Page MenuHomePhabricator

Change AutoCreateCategoryPages to not have to grab entire namespace
Closed, ResolvedPublic

Description

. Change line 13 to $res = $dbr->select( 'page', 'page_title', array( 'page_namespace' => NS_CATEGORY, 'page_title' => $existing_cats) );

User @labster is busy and does not have time to create an upstream task at the moment so I am doing it for him

diff --git a/AutoCreateCategoryPages.body.php b/AutoCreateCategoryPages.body.php
index f0646d3..637e3b0 100644
--- a/AutoCreateCategoryPages.body.php
+++ b/AutoCreateCategoryPages.body.php
@@ -2,15 +2,15 @@
 
 class AutoCreateCategoryPages {
 		/**
-	 * Get an array of existing categories, with the name in the key and sort key in the value.
+	 * Get an array of existing categories on this page, with the unprefixed name
 	 *
 	 * @return array
 	 */
-	static function getExistingCategories() {
-		// TODO: cache this.
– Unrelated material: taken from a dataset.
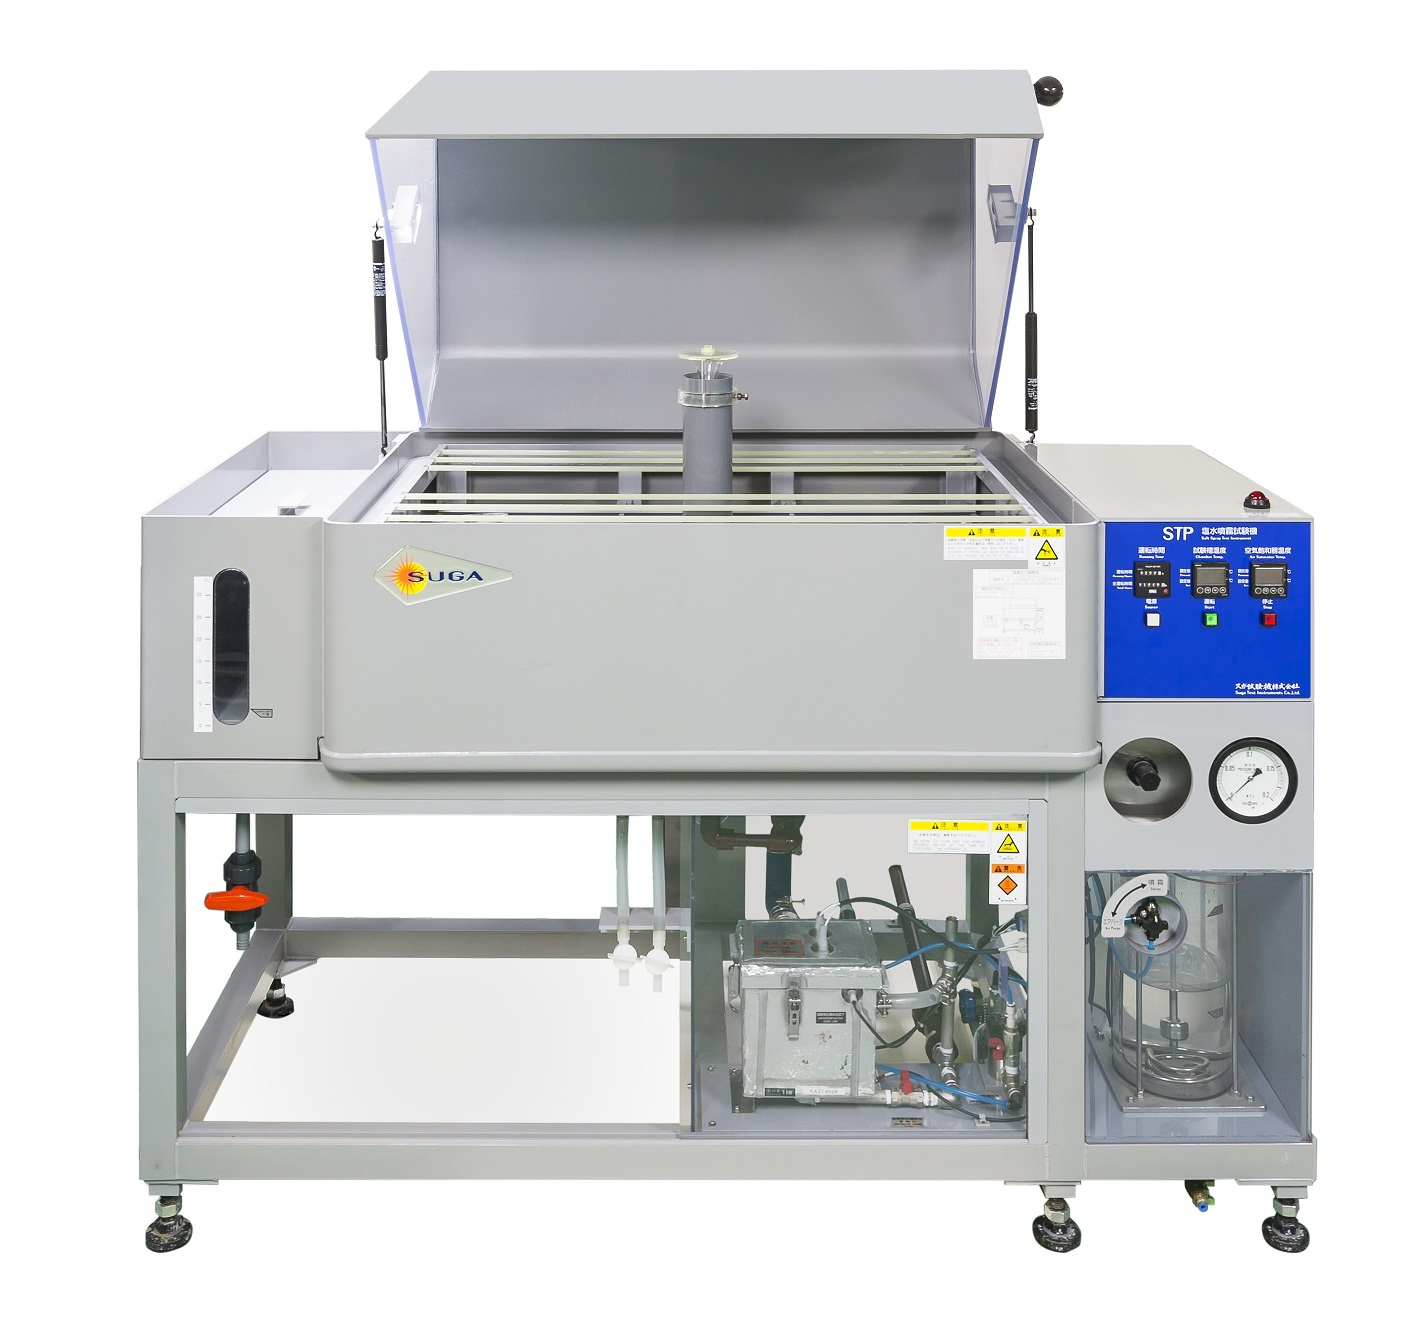 Catalogue cho máy phun sương muối stp-90v-5 sugatest

Probably have to add to said cache every time a category page is created,
-		// by us or manually
+	static function getExistingCategories( $page_cats ) {
 		$dbr = wfGetDB( DB_SLAVE );
-		$res = $dbr->select( 'page', 'page_title', array( 'page_namespace' => NS_CATEGORY ) );
+		$res = $dbr->select( 'page', 'page_title',
+			array( 'page_namespace' => NS_CATEGORY, 'page_title' => $page_cats )
+		);
 
 		$categories = array();
 		foreach ( $res as $row ) {
@@ -37,7 +37,7 @@ class AutoCreateCategoryPages {
 		// array keys will cast numeric category names to ints
 		// so we need to cast them back to strings to avoid potentially breaking things!
 		$page_cats = array_map( 'strval', array_keys( $page_cats ) );
-		$existing_cats = self::getExistingCategories();
+		$existing_cats = self::getExistingCategories( $page_cats );
 
 		// Determine which categories on page do not exist
 		$new_cats = array_diff( $page_cats, $existing_cats );

"The logic here is that there is already an index on (page_namespace, page_title) so lookups would be very fast, given the number of categories typically on a page. But as it stands it grabs the entire namespace, which could be tons of database network traffic on a large wiki.

select sum( length(page_title) ) from page where page_namespace = 14;
[sum( length(page_title) )] => 1091582
1MB of internal db traffic per page save would be not cool." -@labster

Event Timeline

Hi, I'm here, a little. Just going to say that caching the entire category namespace sounds like a nightmare, if only because of the cache invalidation problem. So I just removed the TODO, because that seems like the Wrong Thing.

Hmm, yes, that makes a *lot* of sense :-)
I'll update the code soon. Thank you very much!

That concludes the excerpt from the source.